Years ago Hobbes asked what was the use of talking high morality in a state of nature. That was a cynical way of putting it, but it contains the truth that the building up of a moral world is an enterprise that has to begin from the bottom, on secure foundations, and bit by bit.
Communitarianism
That striking paper the Catholic Worker of New York advocates " Communitarianism" as the truly Catholic social movement. The name, which comes from the writings of Emmanuel Mounier, editor of the Catholic review Esprit, serves to distinguish it from atheistic communism or State socialism on the one hand and materialistic capitalism on the other.
Communitarianism is described as follows: " The Communitarian Movement aims to create a new society within the shell of the old with the philosophy of the new, which is not a new philosophy but a very old philosophy, a philosophy so old that it looks like new."
It stands, in fact, for the Catholic personal and social revolution against the prevailing this-world social and economic systems, in accordance with the spirit of the Encyclicals.

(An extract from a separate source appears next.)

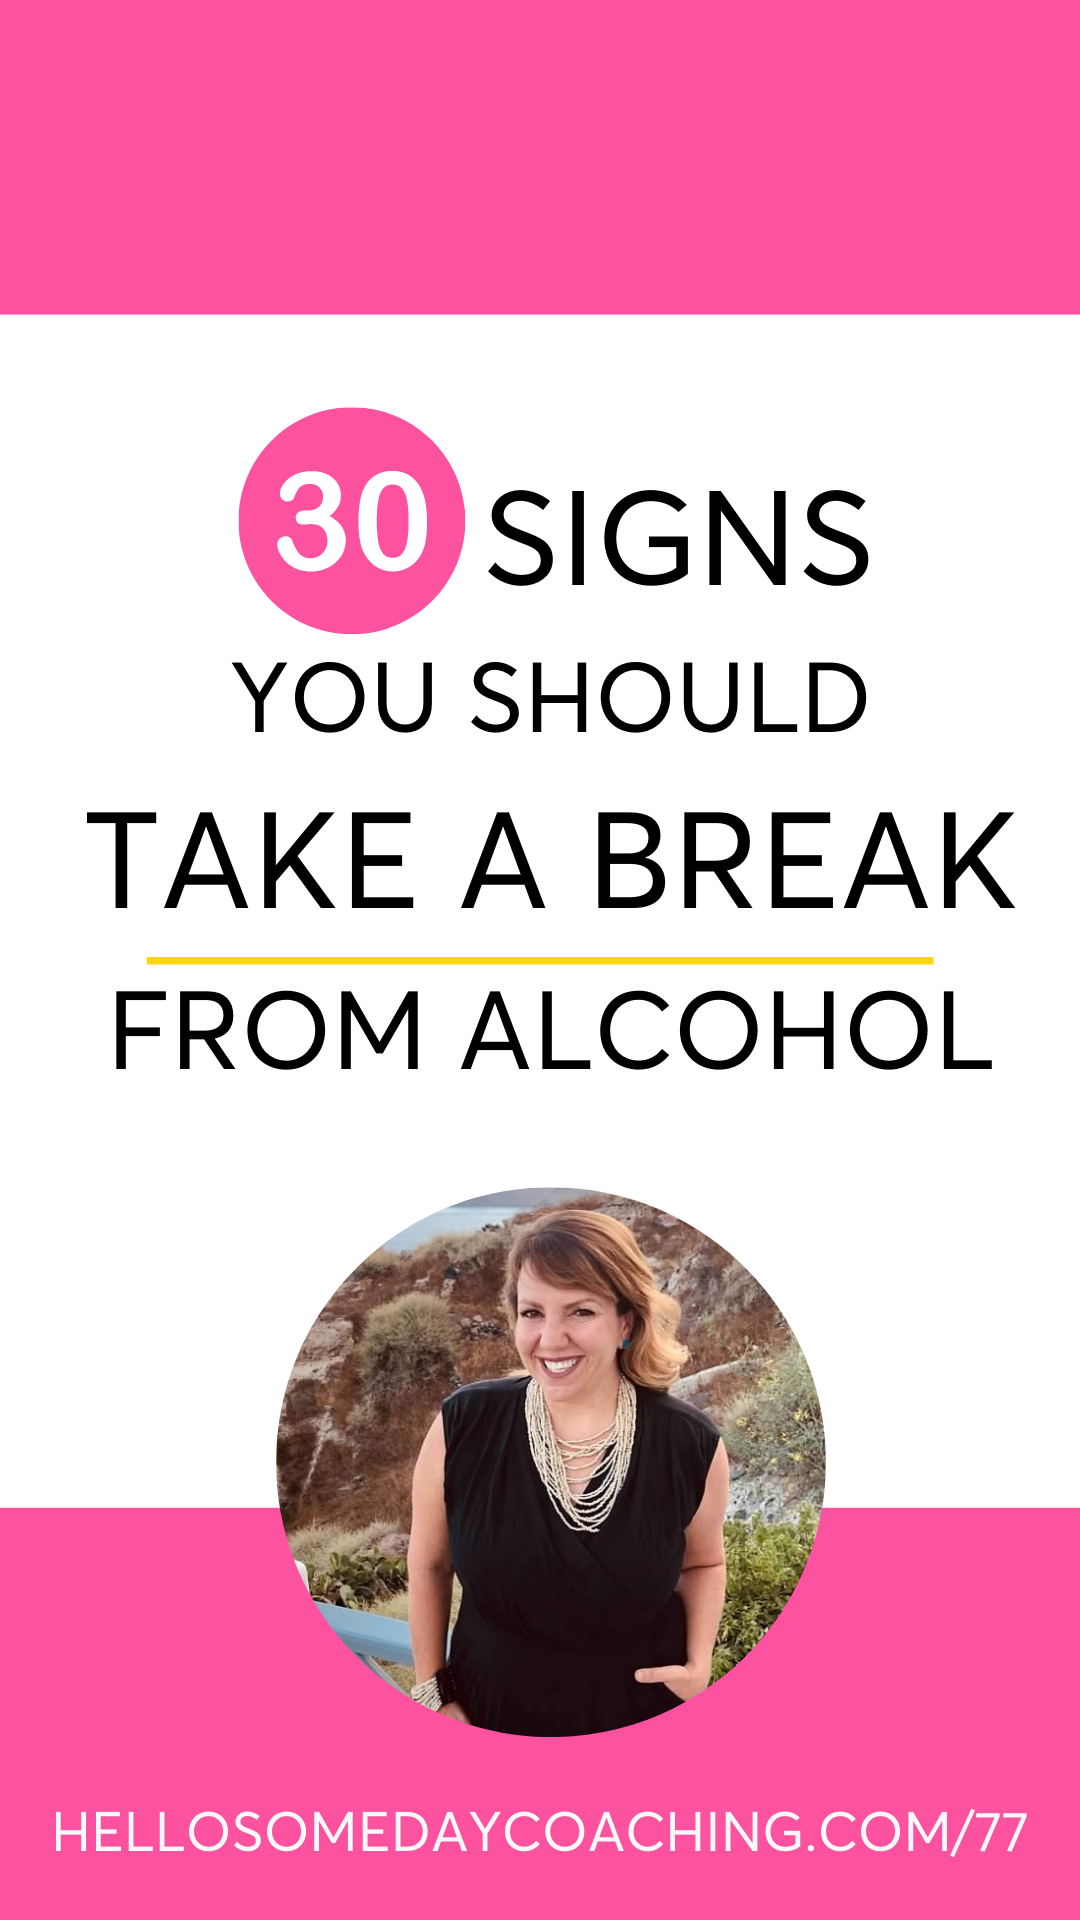 30 signs women should take a break from drinking alcohol
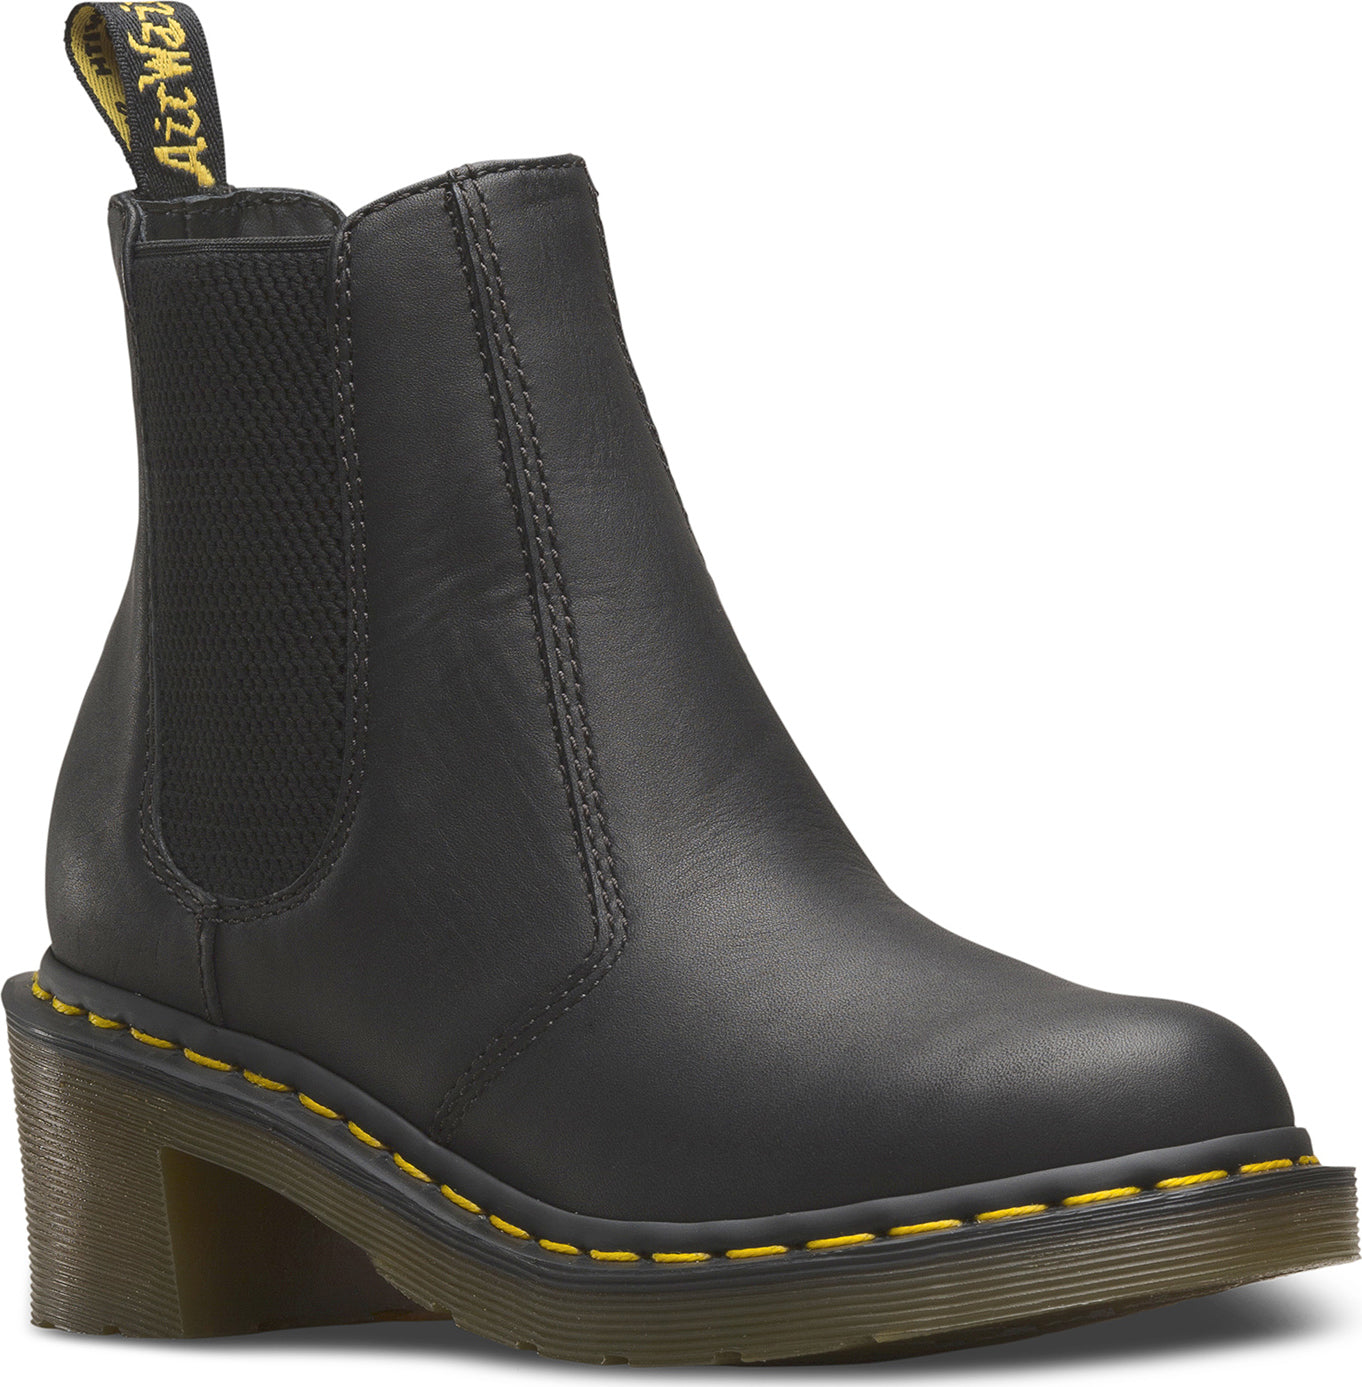 Dr. Martens Cadence Chelsea Boots - Women's | Altitude Sports

In the same number of the paper Peter Maurin gives some useful prose-verses defining various attitudes of mind in the world of to-day :
A Bourgeois is a fellow who tries to be somebody by trying to be like everybody which makes him nobody.
A Dictator is a fellow who does not hesitate to strike you over the head when you refuse to do what he wants you to do.
A Leader is a fellow
who refuses to be crazy the way everybody else is crazy and chooses to be crazy in his own crazy way.
A Bolshevist is a fellow who tries to get what the other fellow has and to regulate what you should have.
A Communitarian is a fellow who refuses to be what the other fellow is and chooses to be what he wants him to be.